Переводя этот сложный комплимент на обыденный язык, заметим, что подражать Маяковскому проще – достаточно формального сходства; для того, чтобы подражать Пастернаку, надо прежде всего обладать сходным мировоззрением, внешнего копирования тут недостаточно, выйдет смешно и неуклюже. Новаторство Пастернака сложней и глубже – Брюсов увидел в нем человека с философской школой: подражать ему – значило понимать, а это не всем дано.
Мировоззрение свое Пастернак попытался внятно сформулировать в статье «Несколько положений», которую он в 1926 году послал Цветаевой как творческое кредо.
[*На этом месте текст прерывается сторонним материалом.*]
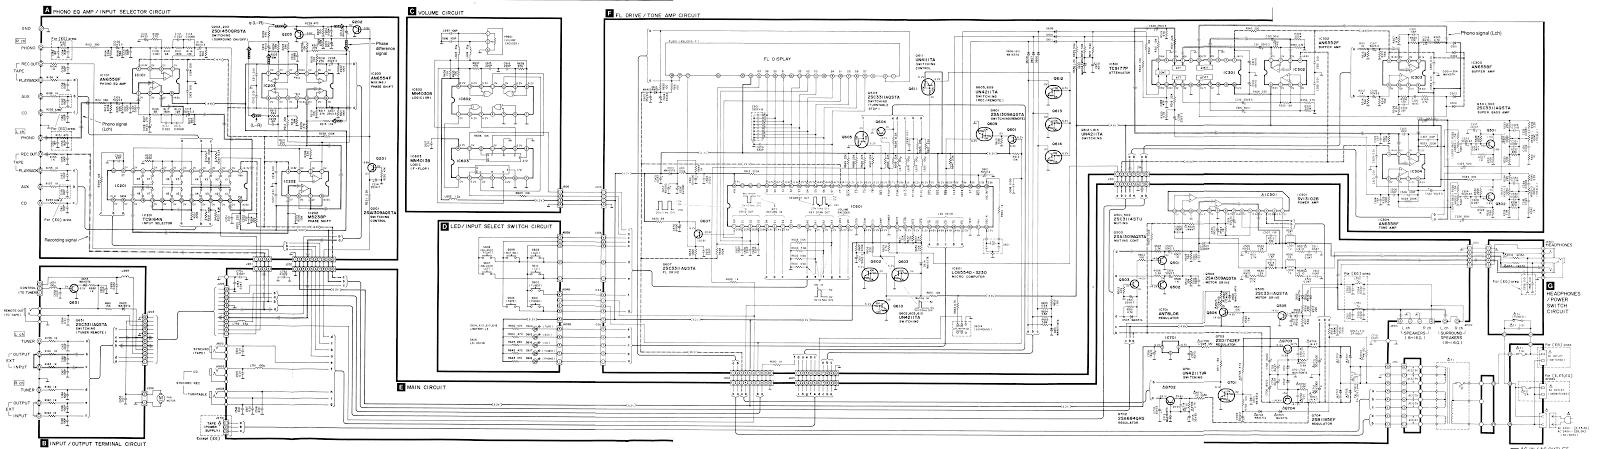 technics sux digital integrated amplifier circuit diagram circuit daigram split

Она датирована у него 1918 и 1922 годами (доработана перед публикацией в альманахе «Современник» 1922 года). Цветаевой он писал, что за «Несколько положений» стоит горой, добавляя, что это не столько афоризмы (то есть, по существу, эффектные парадоксы, общие места навыворот), сколько, «пожалуй, даже и мысли».
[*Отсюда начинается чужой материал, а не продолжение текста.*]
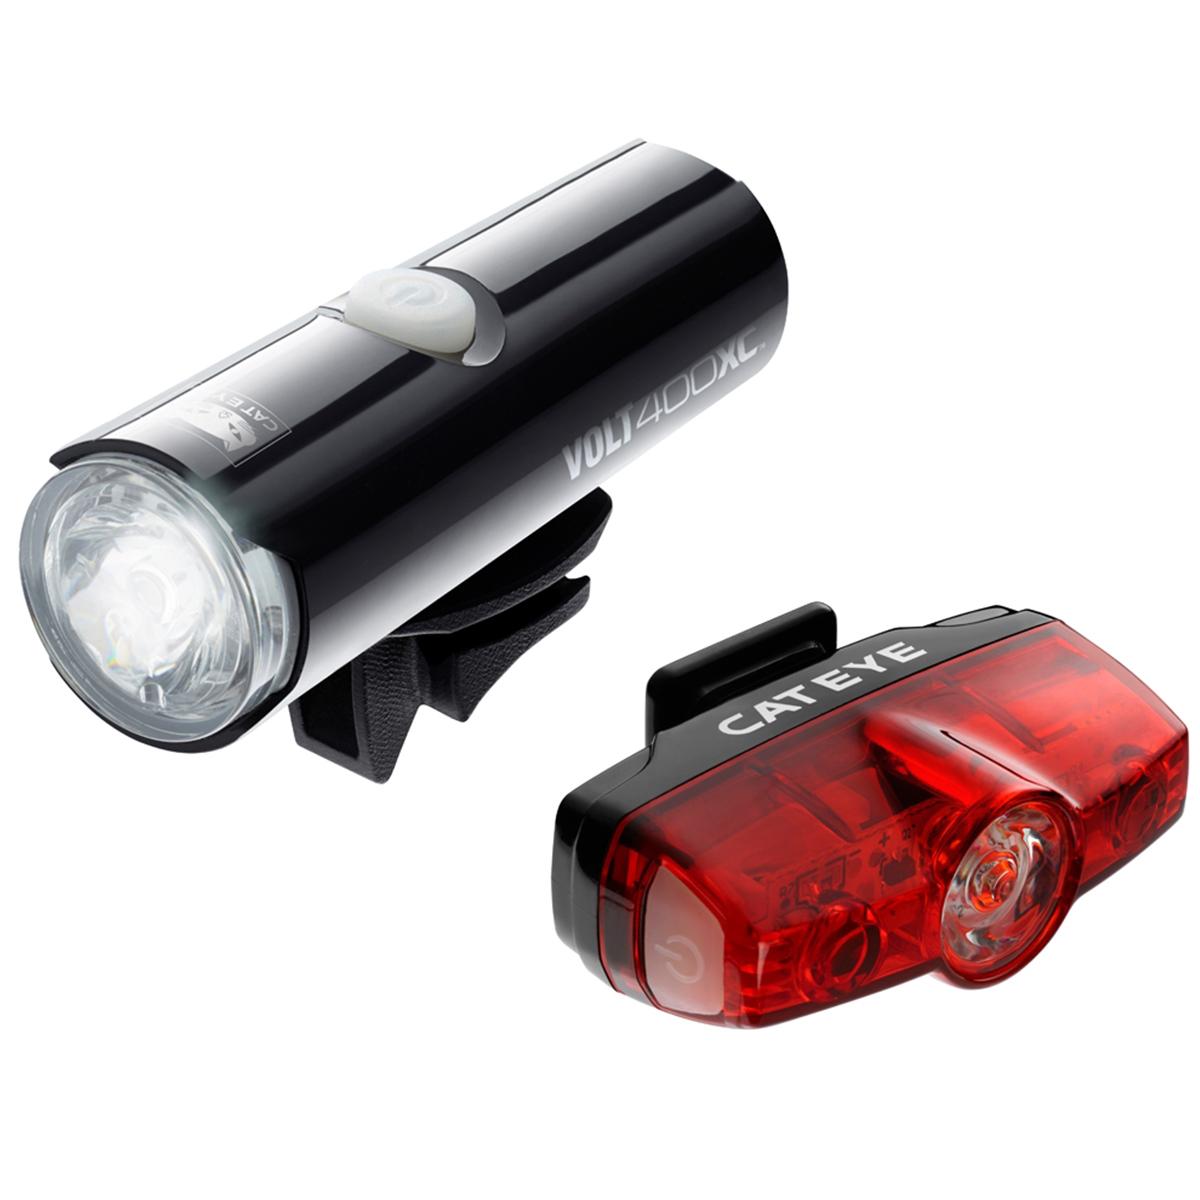 Cateye Volt 400XC & Rapid Mini Rechargeable Light Set

«Современные течения вообразили, что искусство как фонтан, тогда как оно – губка.
Они решили, что искусство должно бить, тогда как оно должно всасывать и насыщаться.
Они сочли, что оно может быть разложено на средства изобразительности, тогда как оно складывается из органов восприятия.
Ему следует быть в зрителях и глядеть всех чище, восприимчивей и верней, а в наши дни оно познало пудру, уборную и показывается с эстрады (…).
Книга есть кубический кусок горячей, дымящейся совести – и больше ничего.
Неумение найти и сказать правду – недостаток, которого никаким уменьем говорить неправду не покрыть».
Искусство не изобретает, но подражает и развивает; это истинно христианская концепция искусства, намеченная, кстати, и в докладе Мандельштама «Скрябин и христианство», где искусство трактовалось как «свободное и радостное подражание Христу». Здесь они с Пастернаком едины – как почти все крупные мастера, для которых слово «произвол» – ругательство. Искусство ничего не делает по своему произволу – оно различает уже имеющееся, делает слышным неслышное, но уже существующее.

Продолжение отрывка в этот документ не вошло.